Interests? How about cramming globalist propaganda up socialist Europe's ass and walking out of UN Security Council meetings.
Joe McCarthy was the shit. Ok get this, the guy walks into the Senate and basically says "FUCK COMMUNISM" while simultaneously fucking this hot broad and smoking a cigar. Right on TV. Can you believe that shit? You better, else I'll cram every issue of The Globalist down your throat until you start shitting out starving ethiopian babies. How's that for "world labor resources" you globalist fucktanks.
JOIN NIXON'S ARMY, YOU FUCKING LOCUSTS.
I only listen to one type of music and that's by the band named "FUCK AFRICA." I mean what is this Live8 shit, we give billions and billions to those craws across the Atlantic every year so they can play hopscotch and shit bullets at each other. WELL NOT ANYMORE, BECAUSE JOHN R. BOLTON IS IN THE FUCKING HOUSE AND HE'S GOING TO GO GUERILLA FIGHTER ON YOUR INTERNATIONALIST ASS. TAKE THAT AFRICA.
What's that one movie where the communists invade the US and Patrick Swayze and Charlie Sheen are out conducting guerilla strikes against them? Oh yeah, it's called Red Dawn. I FUCKING LOVE THAT MOVIE!

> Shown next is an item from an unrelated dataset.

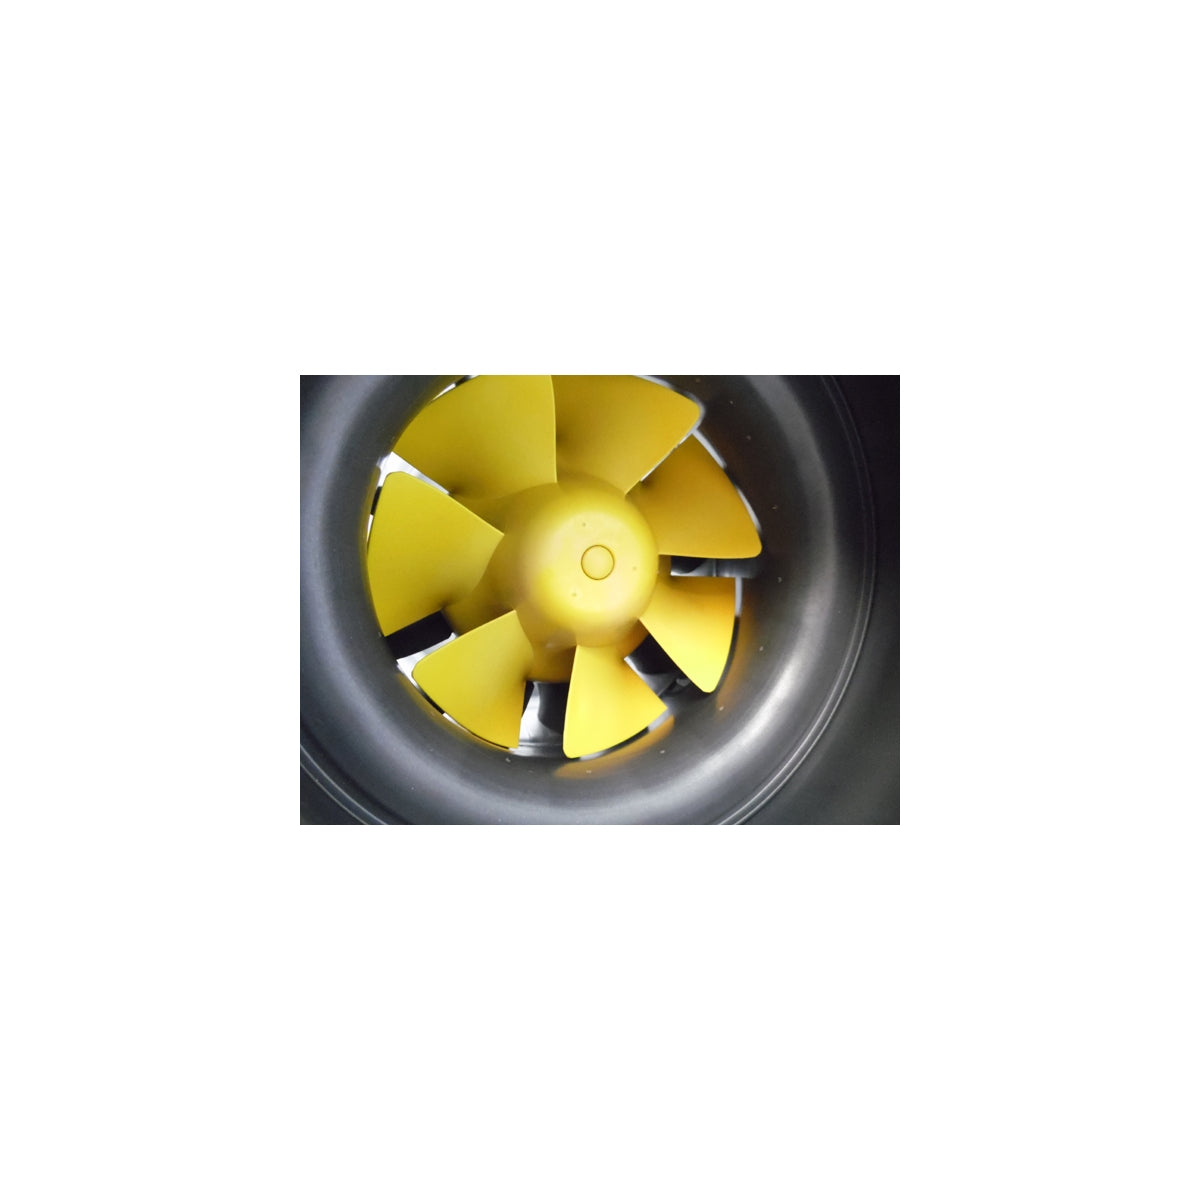 MAX-Fan Pro 250 Absaugung – 1470 und 1660 m3/h – Can-Fan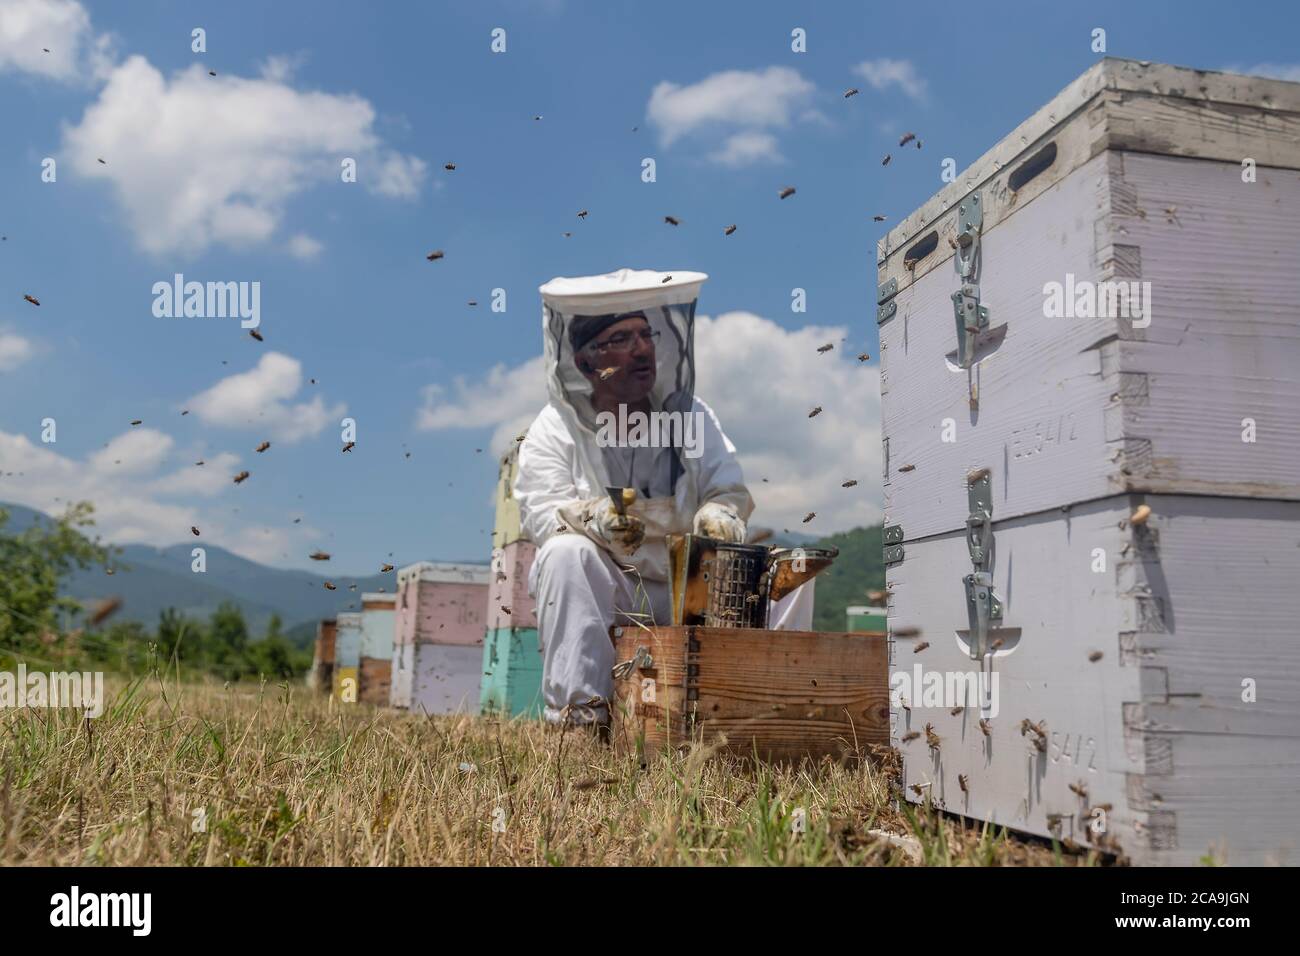 Florina, Grèce - 10 juillet 2020 : apiculteurs travaillant à la collecte du miel dans une région de Florina, dans le nord de la Grèce. Apiculture biologique Banque D'Images

I don't have much time to watch TV because I'm breaking necks and throwing ninja stars at those UN fucknuts 20 hours a day.
Hey I got a good book coming out soon it's called "The Bolton Plan: FUCK CHINESE ABORTION." Everyday something like 12 million unborn kids are killed by those Red bastards, and if they don't stop soon, I'm going to pie Jiang Zemin in the face at the next UNSC meeting and then urinate on his aides while dancing to Neil Diamond.
JOE FUCKING MCCARTHY OF COURSE! Reagan was a badass too, but nobody beats Gregory Peck. "On the Beach" is an awesome movie, because basically it's about America shitting all over the Soviet Union after a nuclear war. FUCK THOSE COMMUNIST ASSHOLES!